So you’ve looked at modern yurts and you’re convinced you’d love to live in such a structure. The seller tells you all the wonders of the yurt (there are many) and you are more excited than ever. He is presented with the price tag and learns that yurts cost between one tenth and one fifth of a similarly sized bungalow. They tell you that a yurt can be put together in a couple of days. So, knowing that you’ll be mortgage-free the instant the house is built, and that you’ll be living in this space-age creation (which was first built several thousand years ago in the Slavic and Mongolian regions), you jump to the opportunity to go to the bare minimum with this unique idea. But there is much more to consider before you buy!

While yurts have wide appeal, and while there are many advantages to living in a yurt, there are myriad drawbacks, impediments, and drawbacks to consider, as well as significant design and sizing options, depending on your region and geography.

Before we get into design considerations, reflect on some of the more obscure issues that become very important once you’ve moved. In our place, for example, we communicate with nature in a very intimate way, with black bears, deer, raccoons and skunks, wolves and coyotes, weasels, mice, squirrels, an army of insects, snakes, birds, etc. This interaction with nature is, for the most part, enjoyable.
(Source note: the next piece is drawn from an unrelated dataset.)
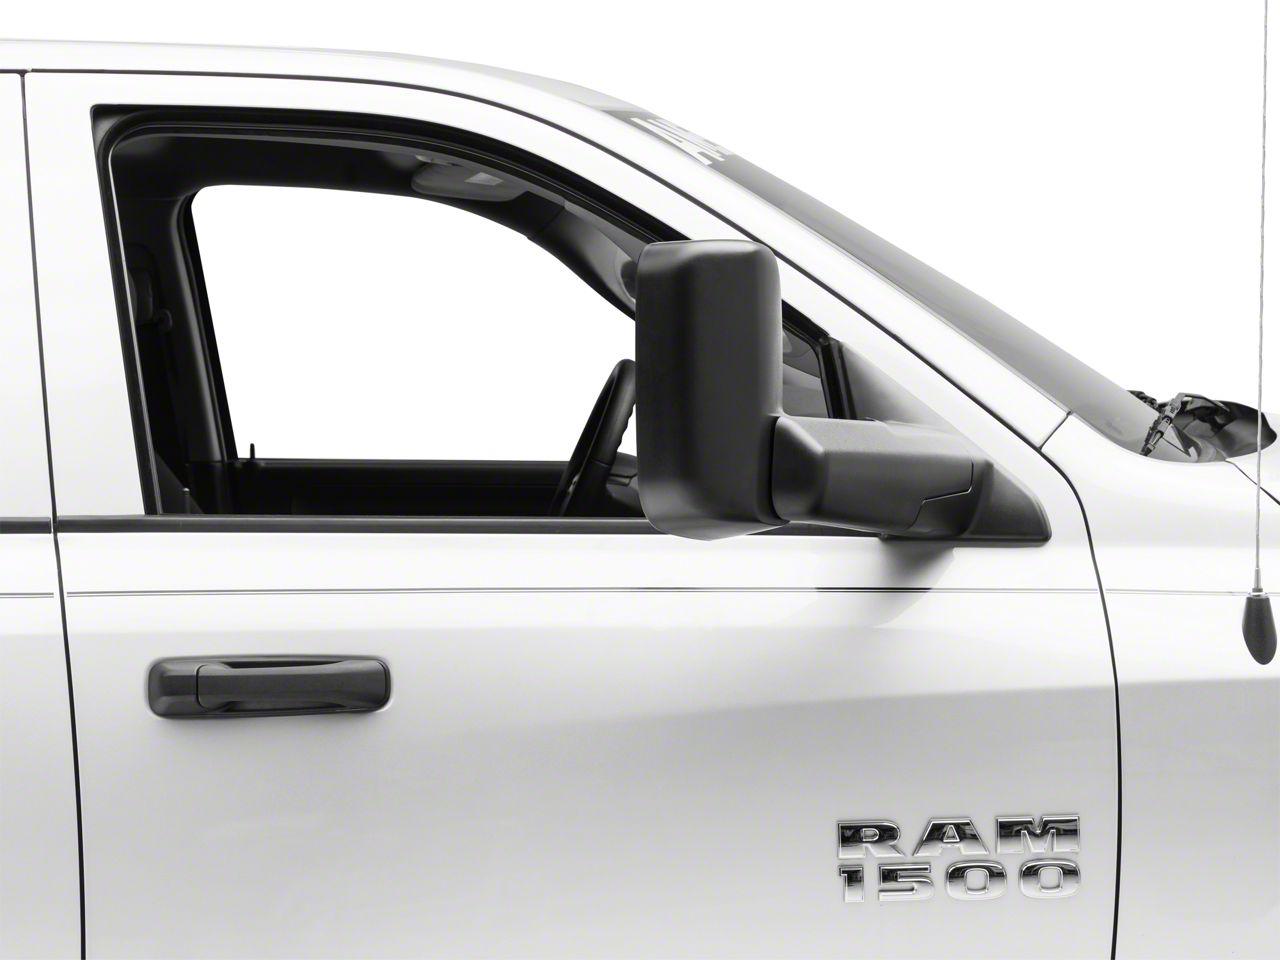 OPR Manual Foldaway Flip-Up Towing Mirror w/ Temp Sensor - Textured Black (13-18 RAM 1500)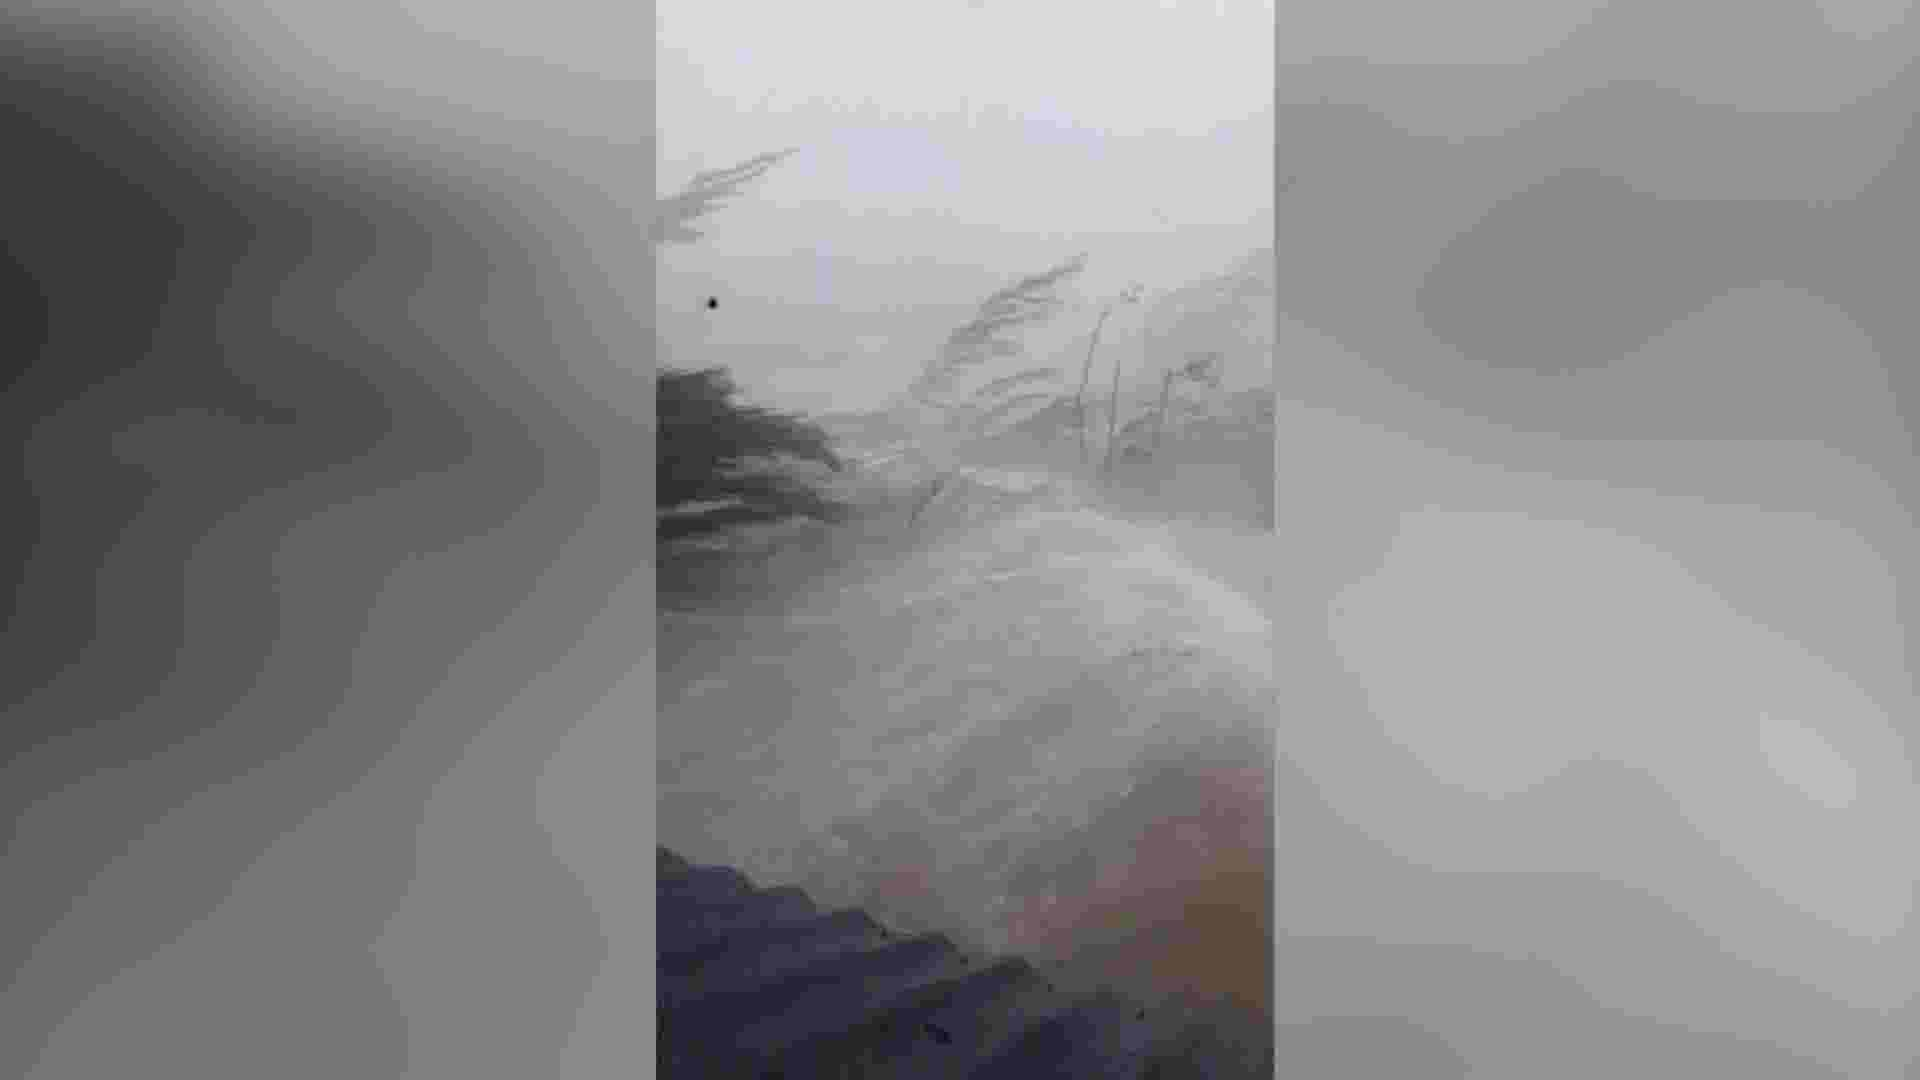 Aerial Hurricane Dorian video, photos show Bahamas damage

However, when the bear gets up close and personal, you don’t want to be cooking inside a flexible-walled yurt with plastic windows. A solid-walled, raised off the ground yurt is a must.

When skunks, weasels and squirrels take up residence under the building, the neighborhood disappears. Consequently, an effective mesh screen and lattice barrier are vital in keeping predators and vermin out. Sure, the weasel will eradicate the mice, but that leaves the problem of a noxious weasel! Skunks relocate quite easily, as they don’t mind being near us. it’s reciprocal. Squirrels offer greater resistance and, like raccoons, can wreak havoc on tarps. Our yurt blends in so well with its surroundings that a family of raccoons have punched holes in the canvas roof, simply by climbing on it. Squirrels only leave pin-sized holes, but more of them.

Birds are much more difficult to deal with. His use of the yurt’s tarp for target practice is a mere nuisance, but his clamor through the very roof scratches the fabric as hard as any squirrel.

The wolves are a great experience, while the coyotes, having been out of the yurt for a week, do not hesitate to move in, digging small caves under the shelters.

Insects, such as mice, pose a major problem. No yurt should have carpet inside, due to the risk of ant, tick and spider infestations. With the same force with which it seals the walls and the floor, the insects find entrances. With flexible wall yurts, mice are a major problem. This problem is eliminated with well-constructed solid wall designs.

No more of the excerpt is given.